# I would like to know on how to play pc games without using Splashtop Streamer, etc.



## jrdngreenberg3 (Dec 25, 2011)

I would like to know on how to play pc games on my iPad. But I do not want to use Splashtop Streamer, because I am not so thrilled with it. The main reason is why I don't like it is because I want to use my bluetooth gamepad to play my pc games from my computer remotely. But the problem is that the bluetooth only has a range of like 30 feet, which is terrible for me. Can I extend the bluetooth range by using a wire hanger, and attach it to my bluetooth dongle? Wil that give it a more boost and better range? Just let me know about that. But mainly, the bottom line is that I am looking for a way to make my wifi go like to 1 mile. But I would probably have to buy a big antenna for this. Is that so? Just let me know more about that. 

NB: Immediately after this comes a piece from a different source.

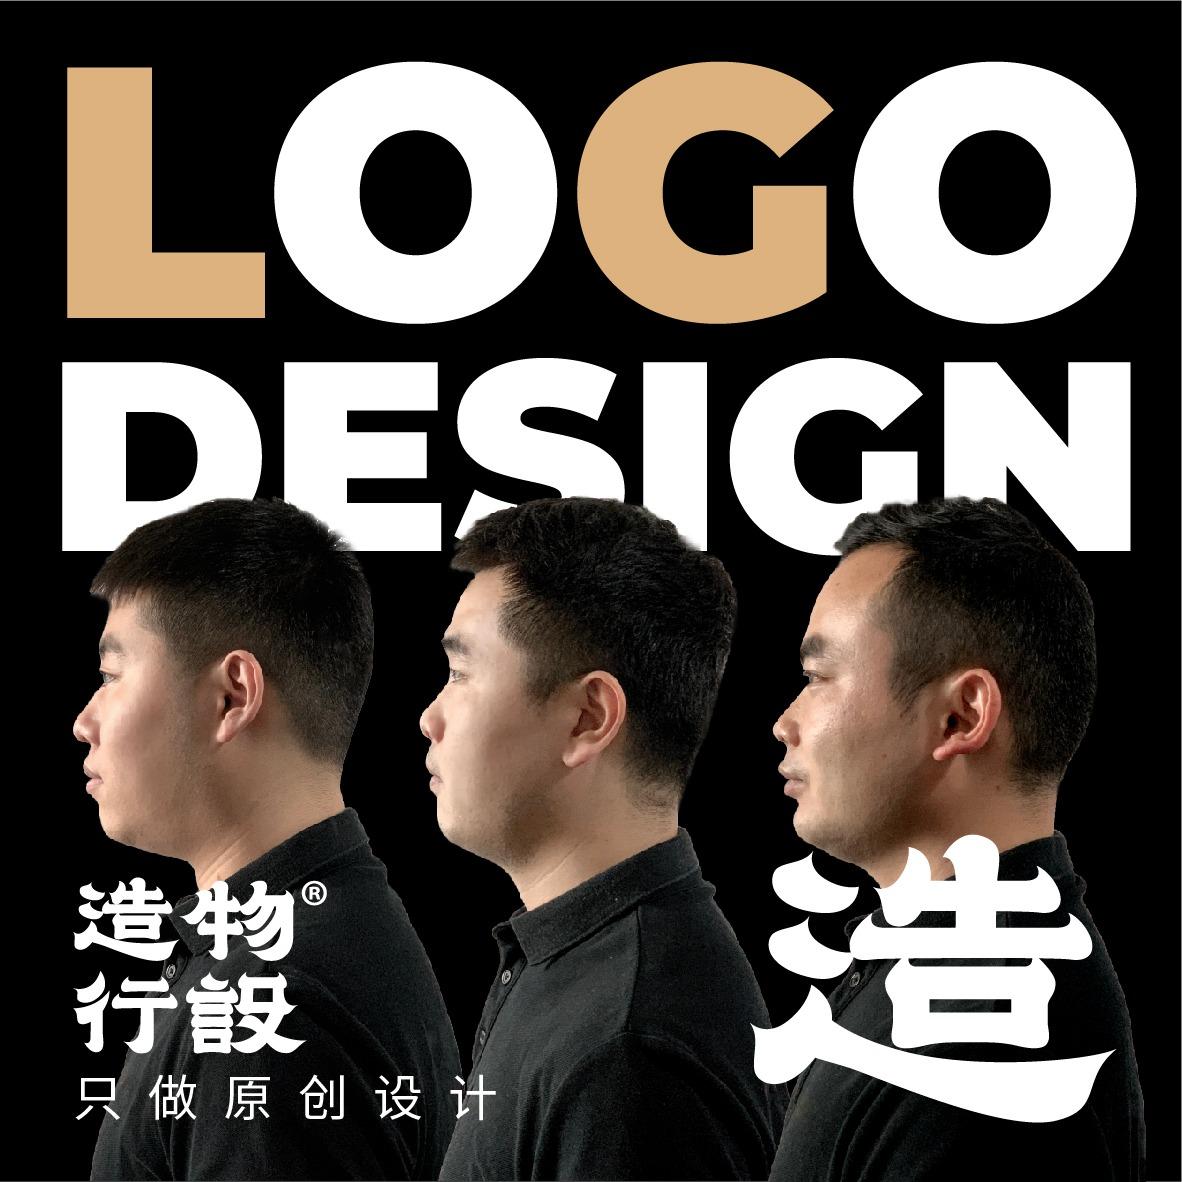 网红品牌总监LOGO设计原创图文字体公司企业商标logo

And also, I do not like using Splashtop Steamer to stream my laptop remotely to my computer. It is not the greatest for me though. Do ou know if they have any Harry Potter pc games that are on the App Store? Like do they have Harry Potter and the Chamber of Secrets? Or the Sorcerer's Stone? I really want to download these pc games from an app somewhere. Or how about Cydia? Would they have something like that? Just explain to me on more about that. So please get back to me asap on this. And I would like to know about my wifi, and also how to play my pc Harry Potter games, but I don't want to stream them. So that's that. So thank you very much! :angry: :sad:


----------



## Masterchiefxx17 (Feb 27, 2010)

You could see if you could use TeamViewer on both your PC and iPad.


----------



## joeten (Dec 4, 2008)

Bluetooth is limited so you cannot extend it beyond its max.
I have not heard of any Harry potter games for the Ipad.
cydia you will have to research https://www.google.co.uk/search?q=c...hannel=sb&gfe_rd=cr&ei=lE2TU5qwEYnR8gf7soH4Cw


----------